Василий Леонтиевич покачал головою и спросил:

– Как же это будет, что из этого выйдет?

– Что выйдет, Василий, выйдет то, что ты будешь гетманом, а я гетманшею!

– Нет, что-то не так, Любонько!

– Тебе все не так – рассудишь ли ты что-нибудь своим разумом, голова твоя бедная!

– Да что ж мы донесем!

– Что донесем? Ты слушай меня!..

Кочубей вздохнул.

– Тяжко, когда в уме на полушку нить разума!.. Не вздыхай, а слушай меня.

Кочубей отвернулся от жены.

– Ты и слушать меня не хочешь?!.

– Не век же мне жить жиночим умом!

– Ах ты… жиночим умом не жить ему!

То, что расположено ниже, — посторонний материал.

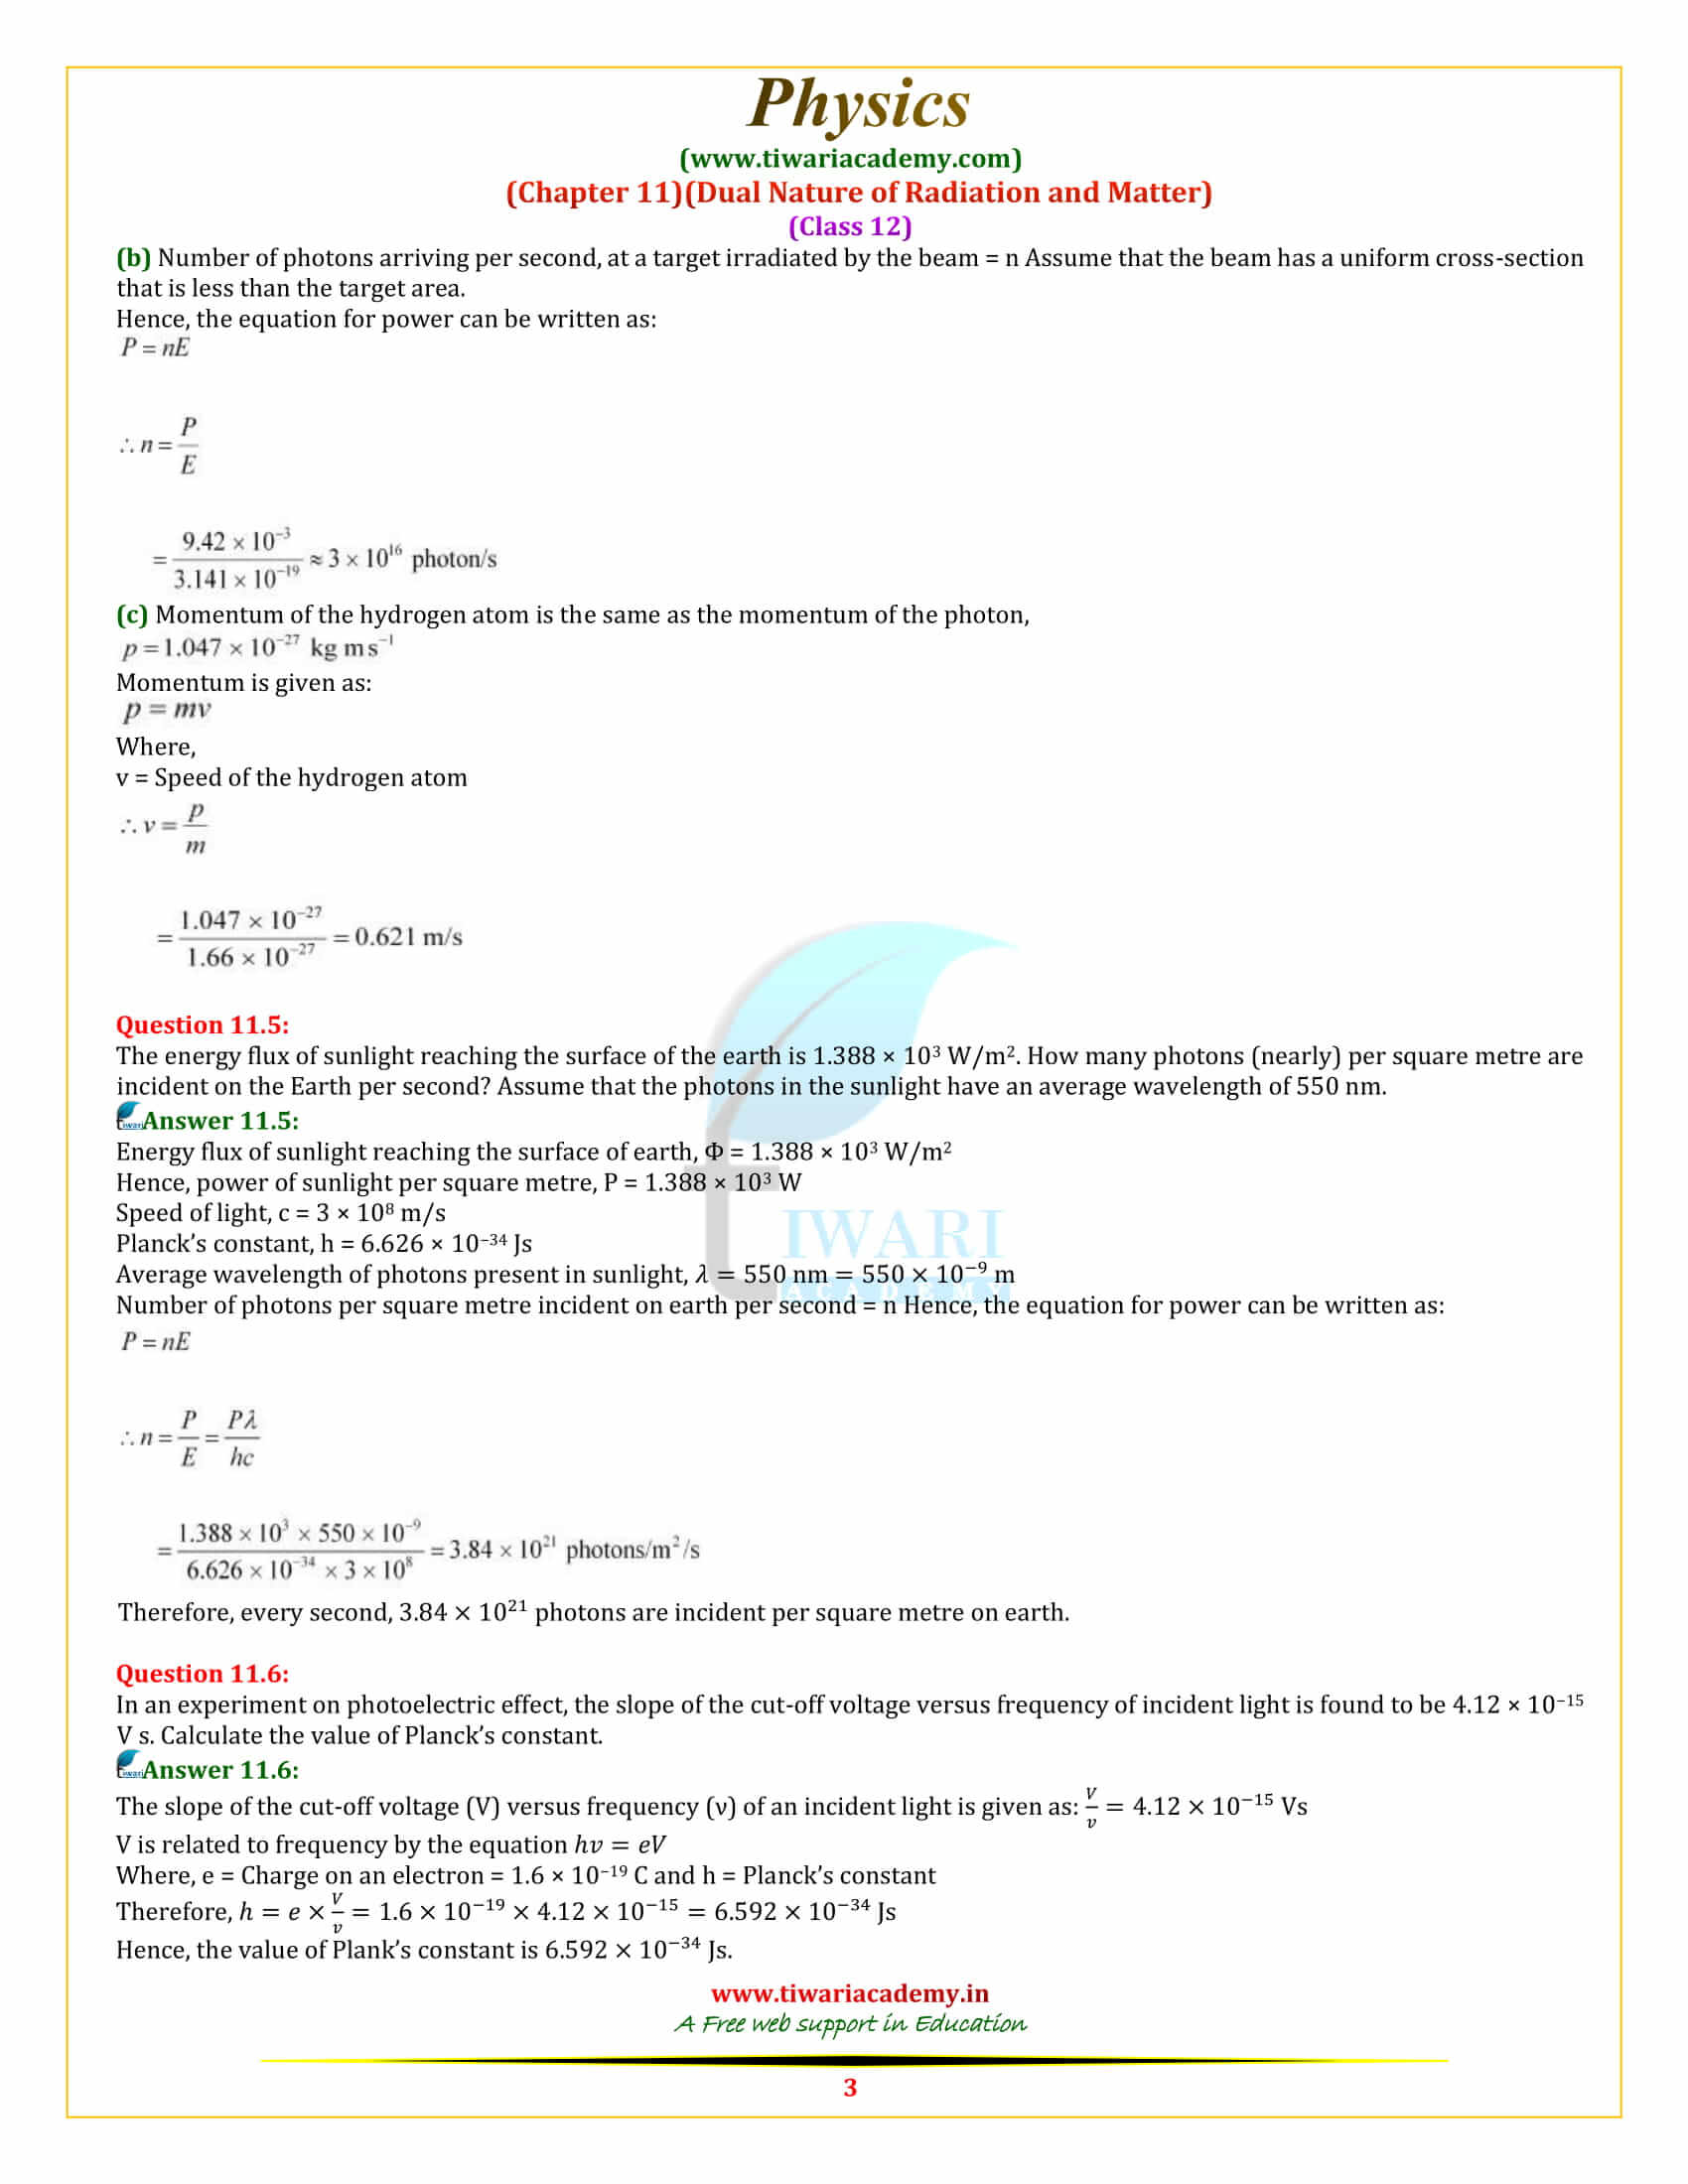 NCERT Solutions for Class 12 Physics Chapter 11 Dual Nature of Radiation and Matter free download

Да где ж у тебя свой разум, когда не слушаешь, что я тебе говорю!

Любовь Федоровна застучала об пол ногою и громко сказала:

– Ты слушай, что я приказываю тебе, а своего ничего не выдумывай, умник ты!..

– Да я, Любонько, слушаю тебя, Господь с тобою, откуда взяла ты, что я не слушаю тебя!

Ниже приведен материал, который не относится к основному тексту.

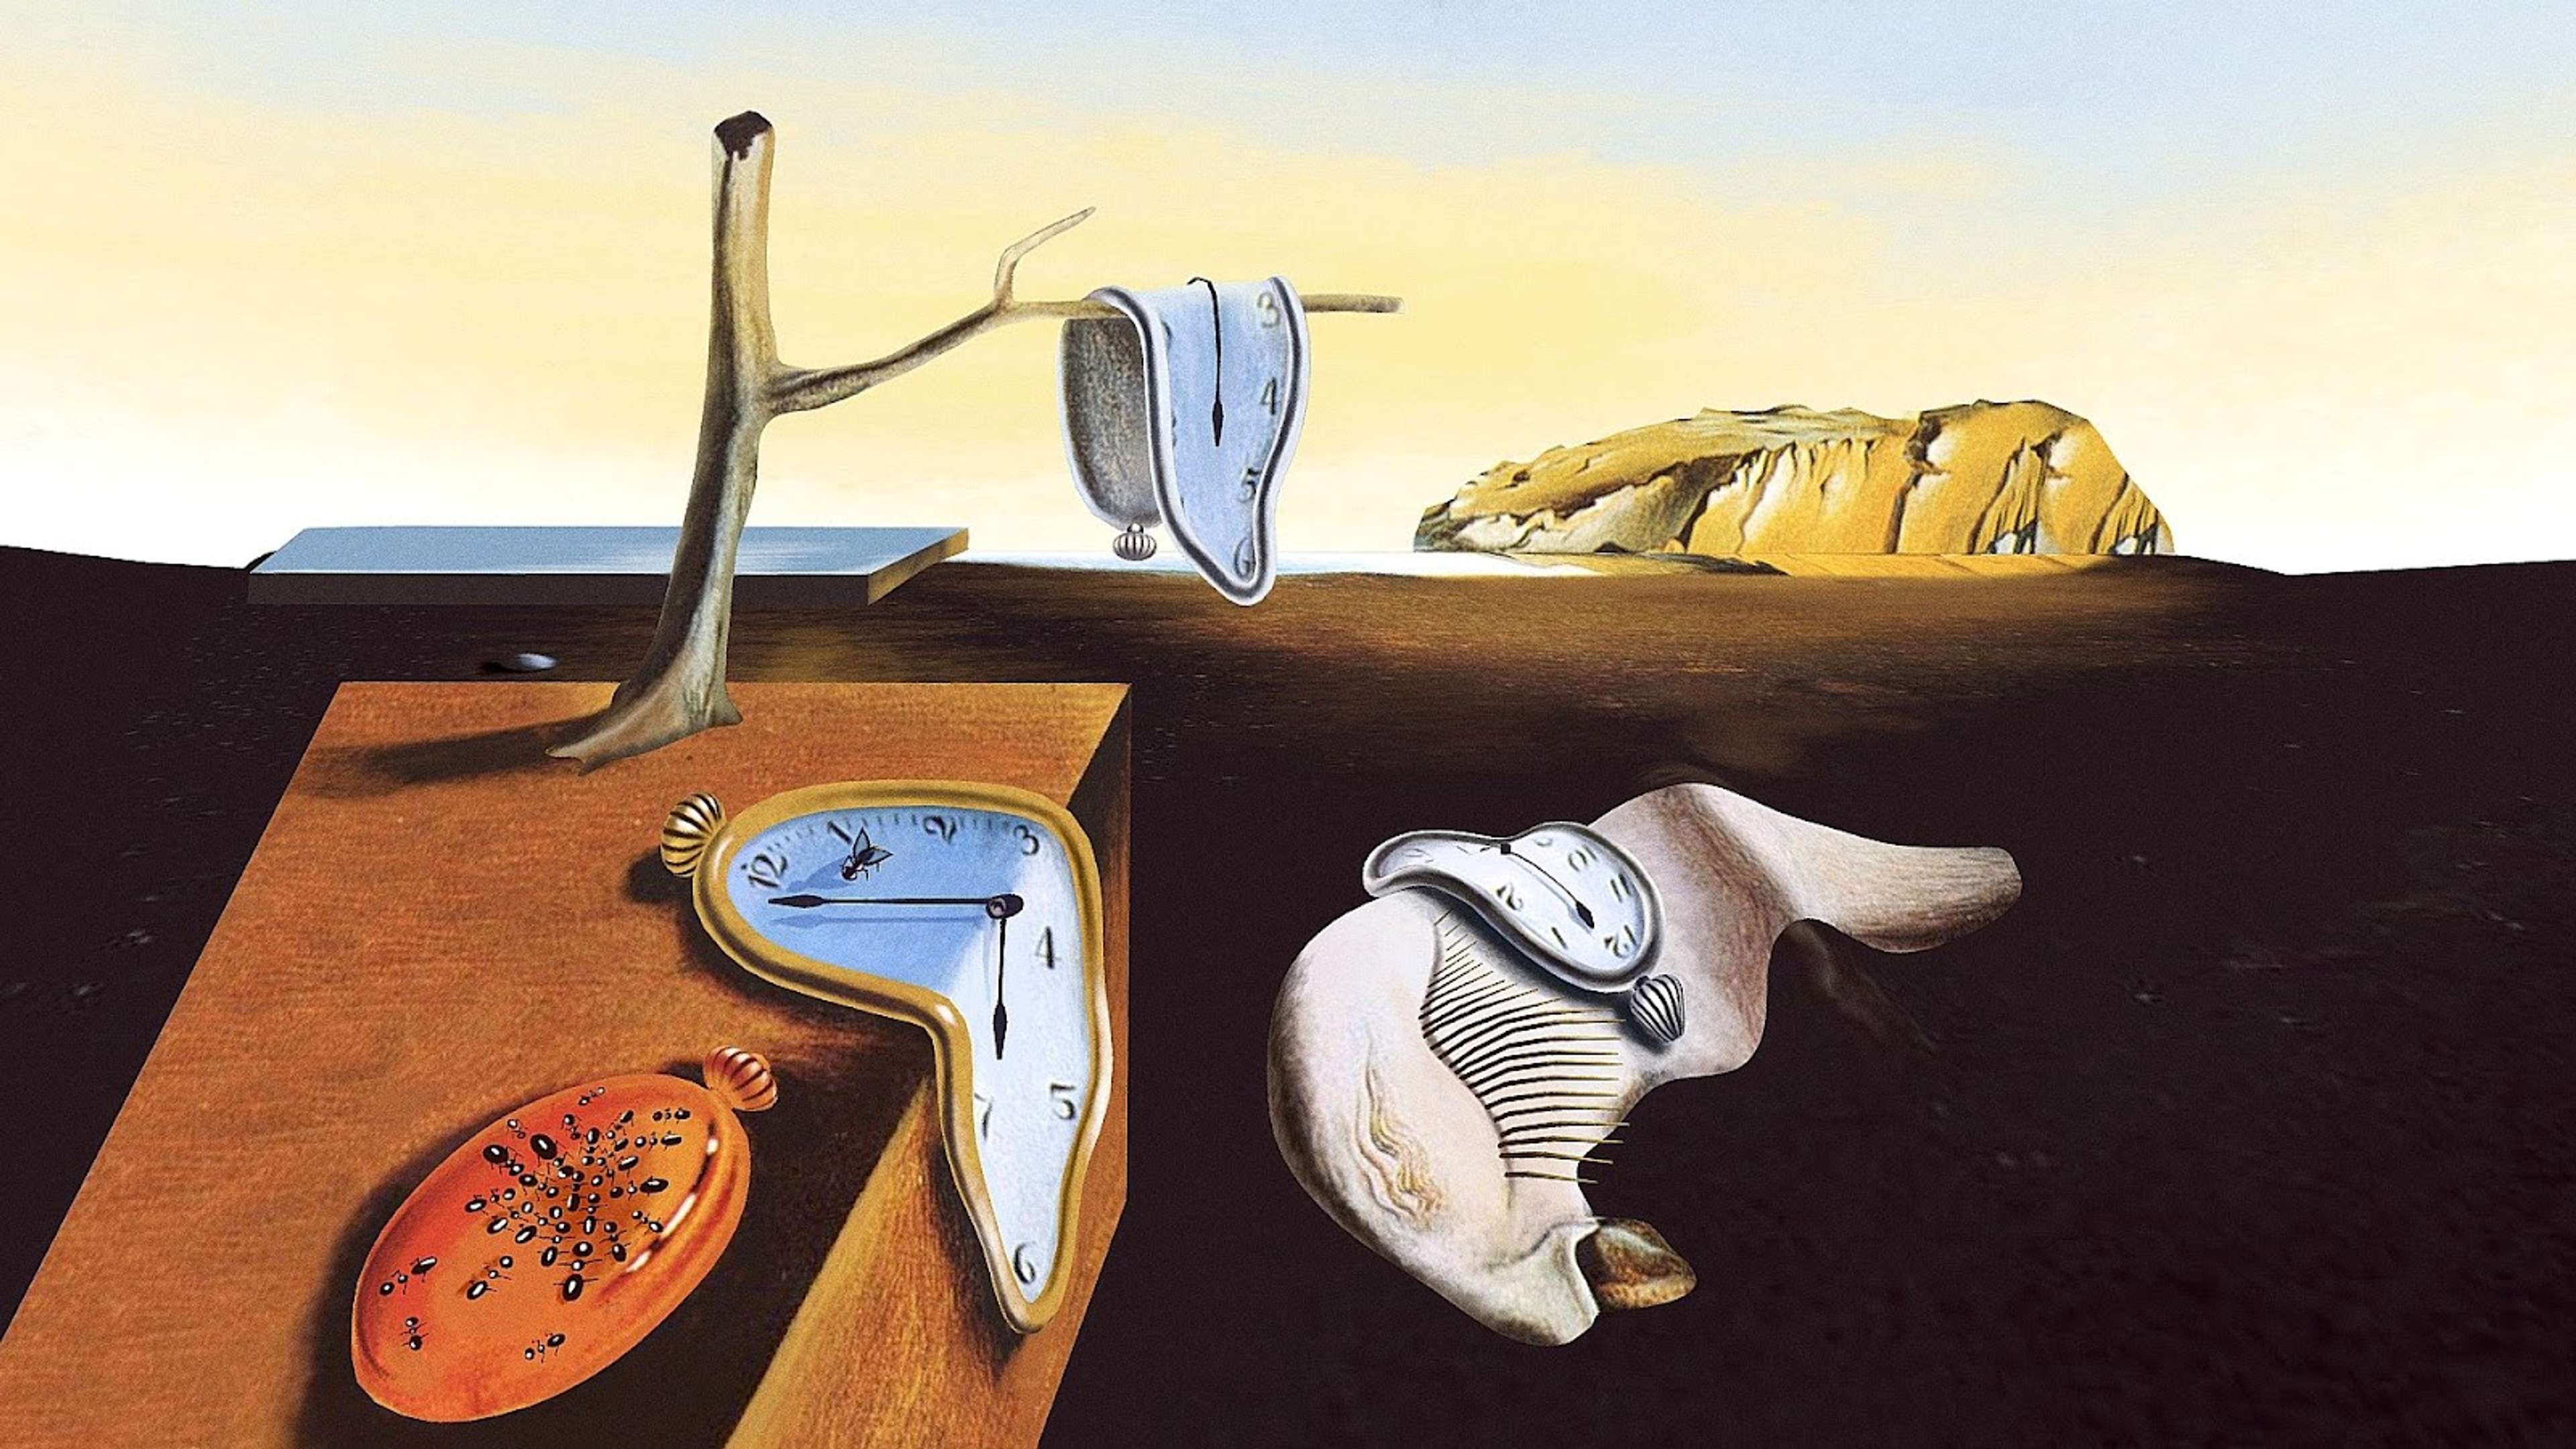 An image of the painting The Persistence Of Memory by Salvador Dalí. It shows a scene in the desert, with several clocks that appear to be melting.

– Так и слушай, что я говорю тебе: на гетмана пошлем донос царю, гетмана в кандалы, а тебе булаву.

– Добре, Любонько.

– То-то, что добре! Разве мы не правду донесем царю, когда скажем, что Мазепа снюхался с королем Лещинским и хочет отдать ему Гетманщину, что Заленский, проклятый иезуит, тайно привозит к нему письма из Польши, что когда в Батурине проезжал Александр Васильевич Кикин, Мазепа думал, что едет сам царь, так чтоб убить царя – поставил в тайных местах вокруг Бахмача триста сердюков с заряженными рушницами, отдав приказание им по знаку стрелять в того, на кого он покажет. Ого-го, я все знаю, Василий, и ты того не знаешь, что я знаю, не бойсь, помолись Богу, да и за дело: ты не простой казак, гетман не повесит, в тюрьму не посадит тебя… нечего страшиться, а донесем о его предательских делах – и будешь гетманствовать!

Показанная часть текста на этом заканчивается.